The structural component 2 is preferably formed entirely from wood, with the flange 9 preferably being manufactured from plywood and the web 1 suitably being formed from a three-layered plywood or a five-layered plywood and the wood fibres of the outer layers of the plywood extending in the longitudinal direction of the structural component 2. Constructions of this kind provide a particularly good ratio between the dead weight and the load-bearing capacity. In addition, low-grade sawn timber from the sawmill industry can be used for the flange 9, resulting in an increase in the added value of said timber.
If the structural component 2 is joined together by an adhesive material, glues, in particular synthetic resin glues and PU-glues, are preferably used as adhesive materials for wood. Modern adhesives which are microwave or UV-curing offer further possibilities. It is likewise possible to use a film glue instead of a liquid glue.
Preferably, the continuous cavity formed by the web 1 and the flange 9 is filled with a material such as, for example, silica sand, cellulose flakes, PU-foam, pearlites, etc.
The filling leads to various solutions for all kinds of problems, such as, e.g., for satisfying thermic and acoustic demands. As desired, the filling can occur prior to or after the installation of the structural component, the latter involving the advantage of easier manipulation, particularly since in that case only the lightweight hollow structural components 2 have to be transported.
A structural component 2 with a symmetrical cross-section characterized in that the end region of the web 1 lies in the centre of the width of the flange 9 is advantageous in terms of stress.

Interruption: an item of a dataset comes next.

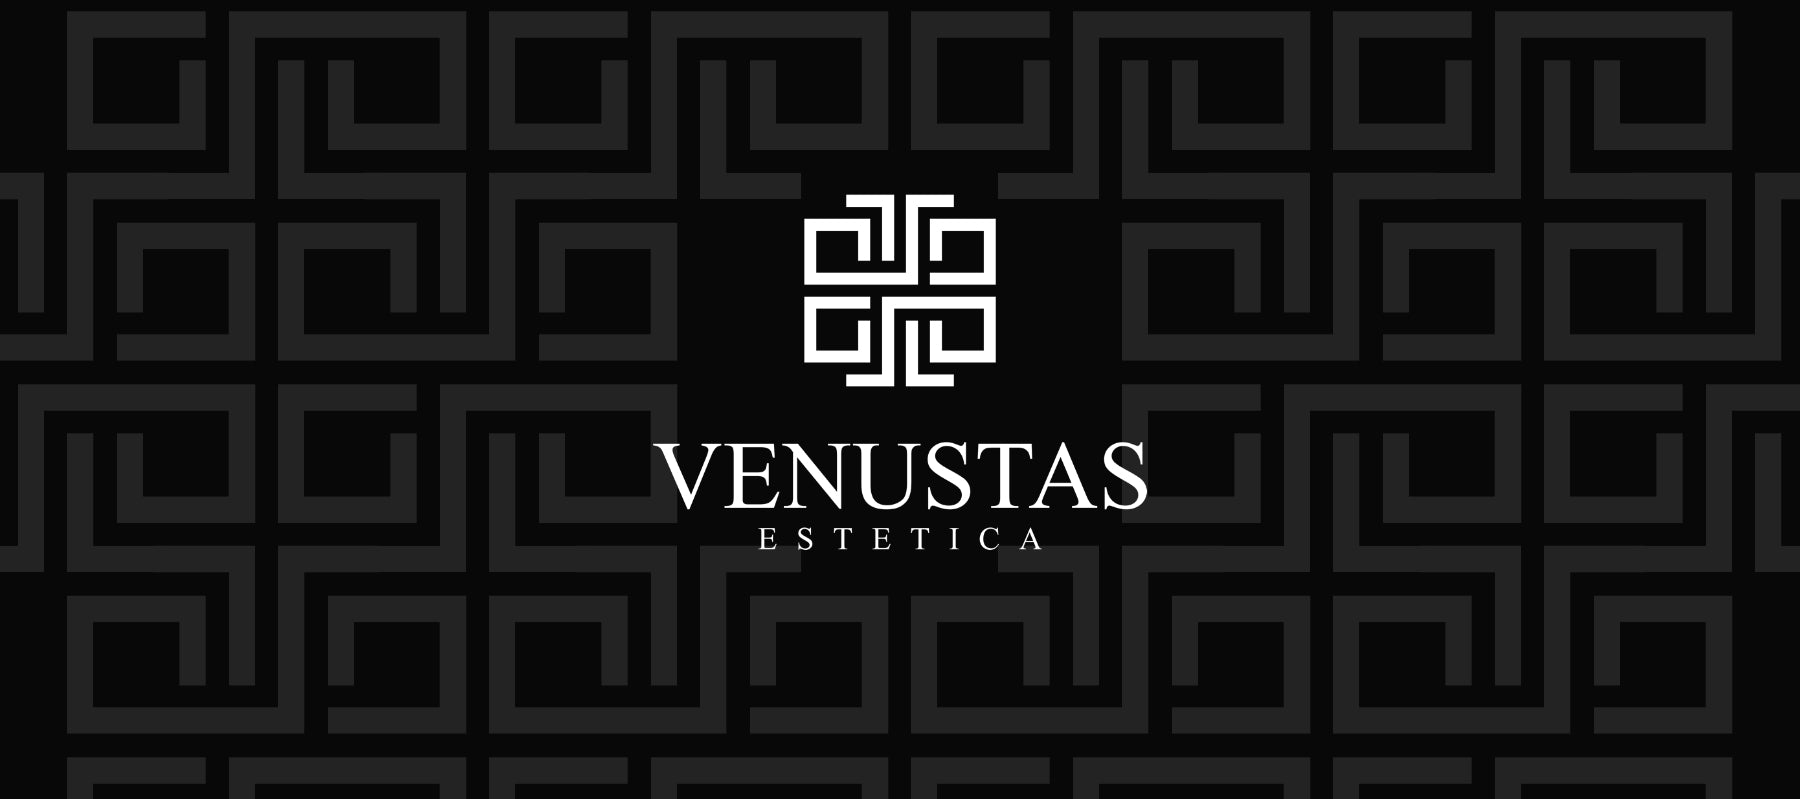 Venustas Estetica website header1

A further preferred use of a structural component 2 according to the invention becomes evident after assembling several of the structural components to form sheet materials which may serve as wall elements and wall coverings, respectively. The sheet materials can also be used as formwork elements for concrete construction and as moulding elements for large trusses, silos, etc.
The structural component 2 according to the invention has the advantage that, in principle, it can be formed from all kinds of materials on the whole and also from various materials for the flange 9 and the web 1, respectively, wherein, for the web 1, predominantly materials are considered which are able to absorb shearing forces and, in addition, are flexible and preferably glueable. The web 1 can, for example, be made of cardboard, plastic, sheet metal, multi-layered plywood or other wood materials. It is likewise possible to make the flange 9 from various materials such as plastic, cardboard, multi-layered plywood or also from metal.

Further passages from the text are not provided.